> **Activity**
Reproduce the listing that follows character for character, excluding its pictures.

> **Stored data**
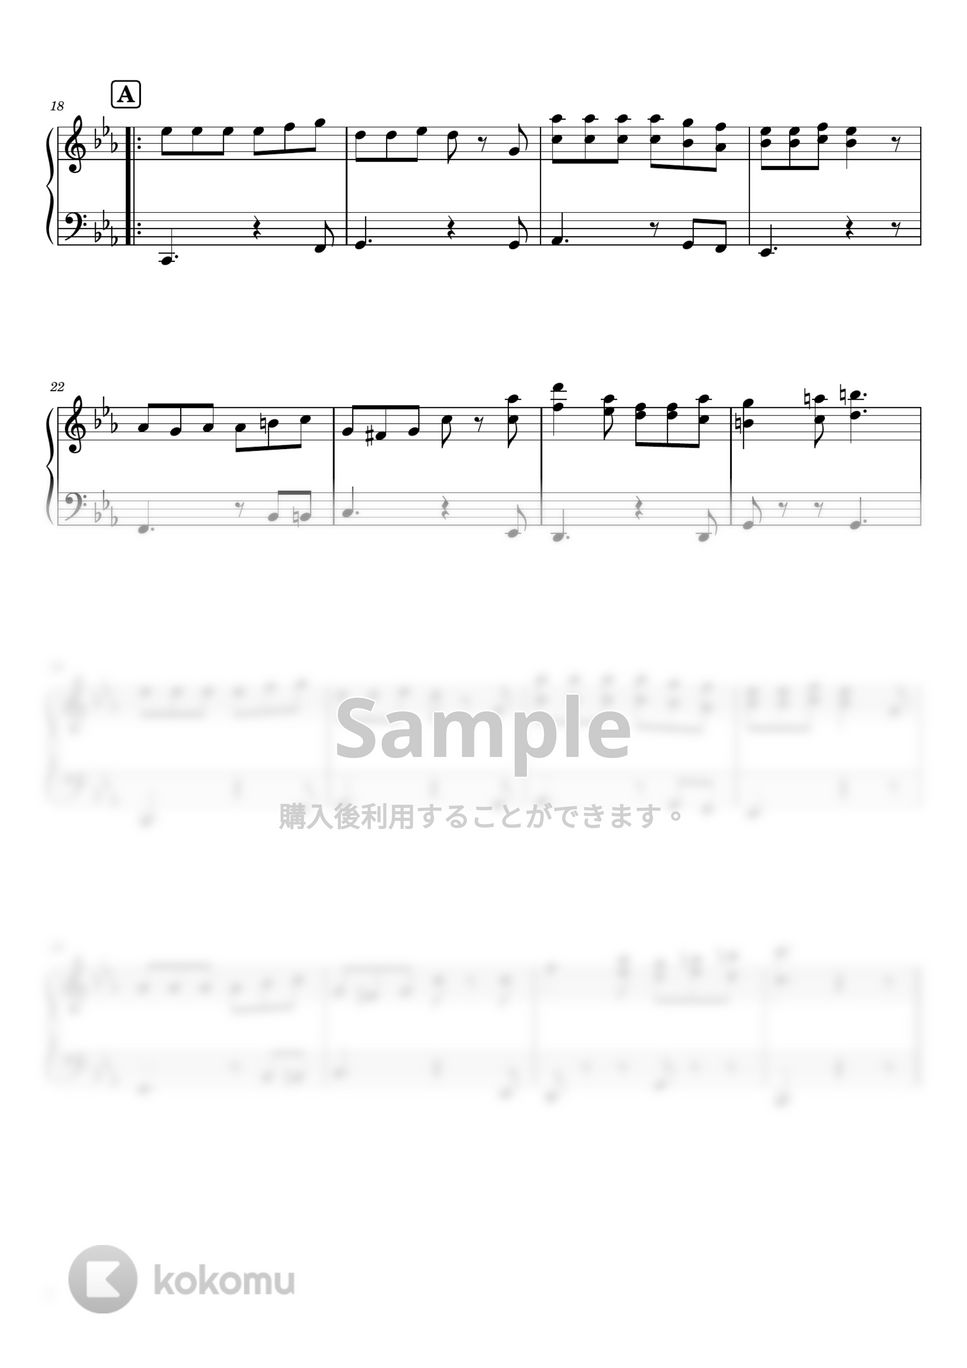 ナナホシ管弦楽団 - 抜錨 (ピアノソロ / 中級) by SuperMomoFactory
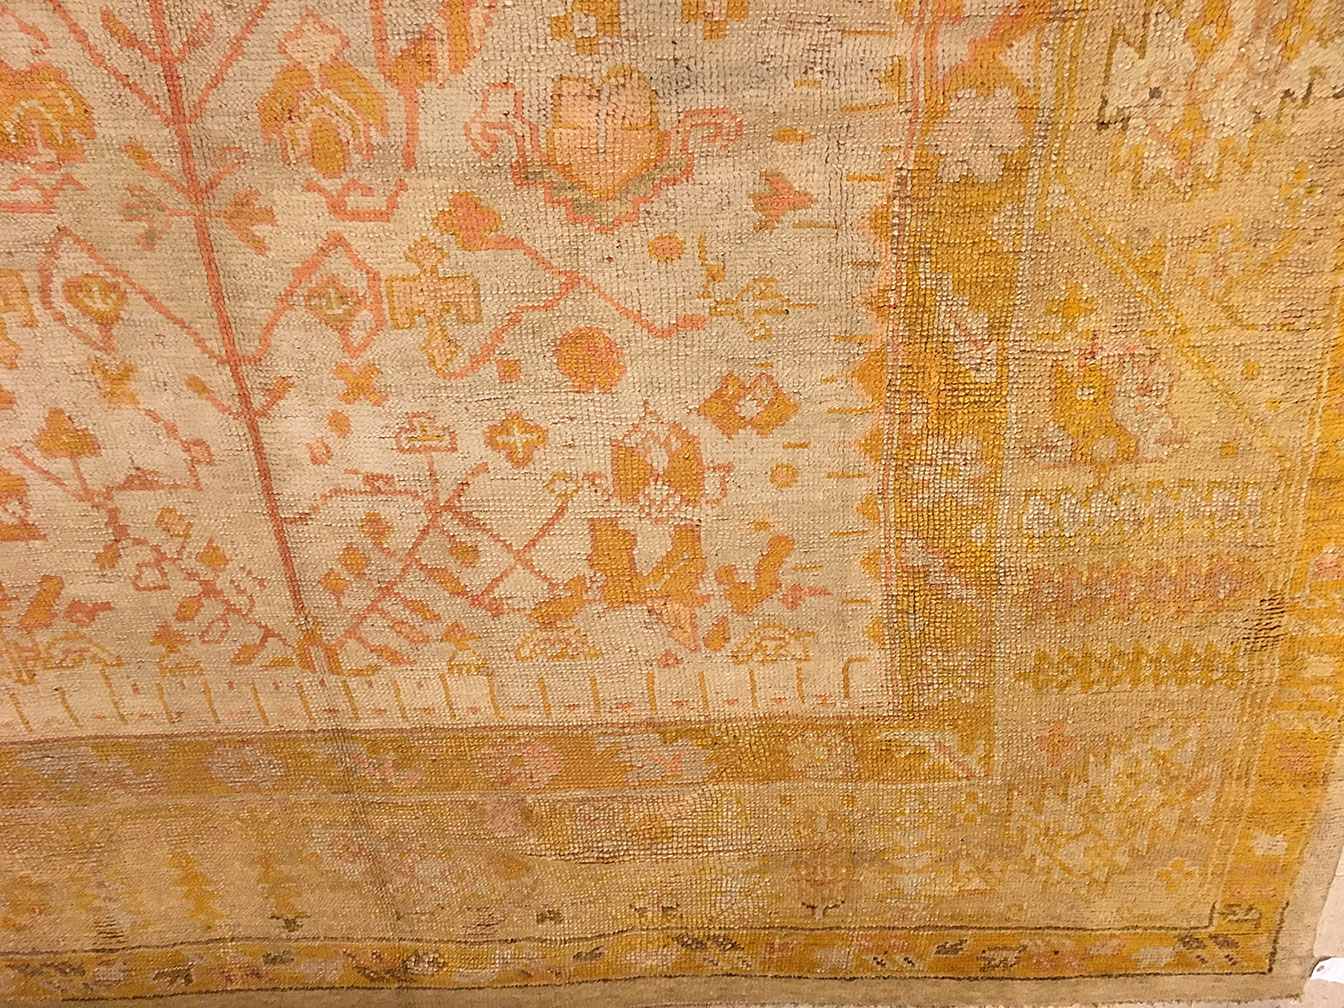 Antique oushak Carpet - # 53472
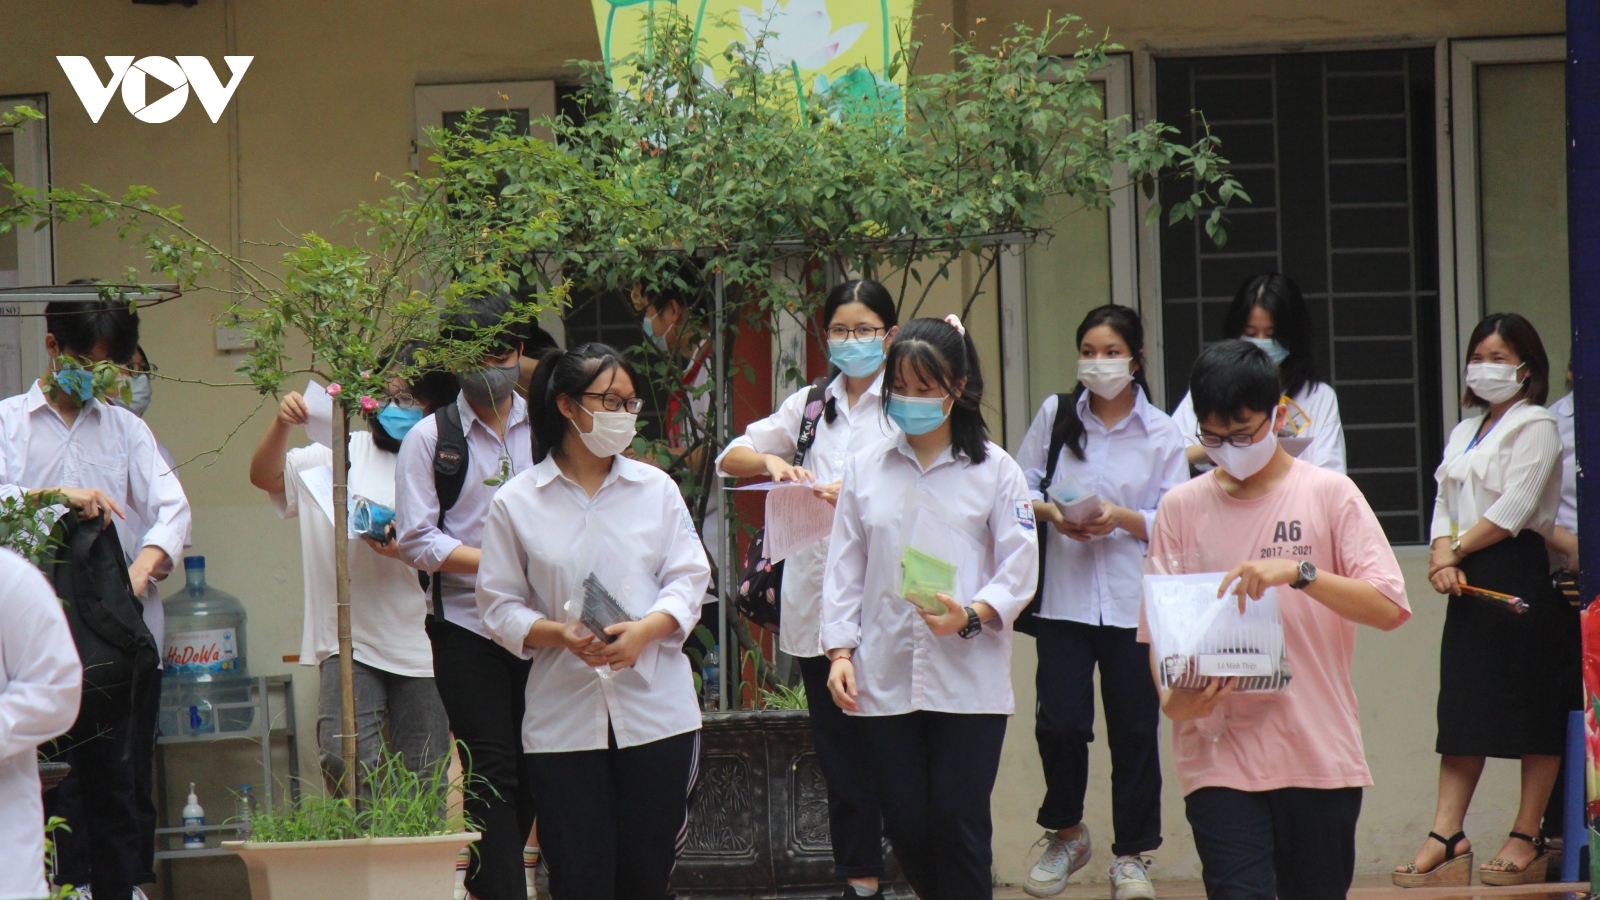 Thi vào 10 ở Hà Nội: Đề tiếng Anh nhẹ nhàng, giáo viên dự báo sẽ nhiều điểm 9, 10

> **Worked solution**
 ナナホシ管弦楽団 - 抜錨 (ピアノソロ / 中級) by SuperMomoFactory
 Antique oushak Carpet - # 53472
 Thi vào 10 ở Hà Nội: Đề tiếng Anh nhẹ nhàng, giáo viên dự báo sẽ nhiều điểm 9, 10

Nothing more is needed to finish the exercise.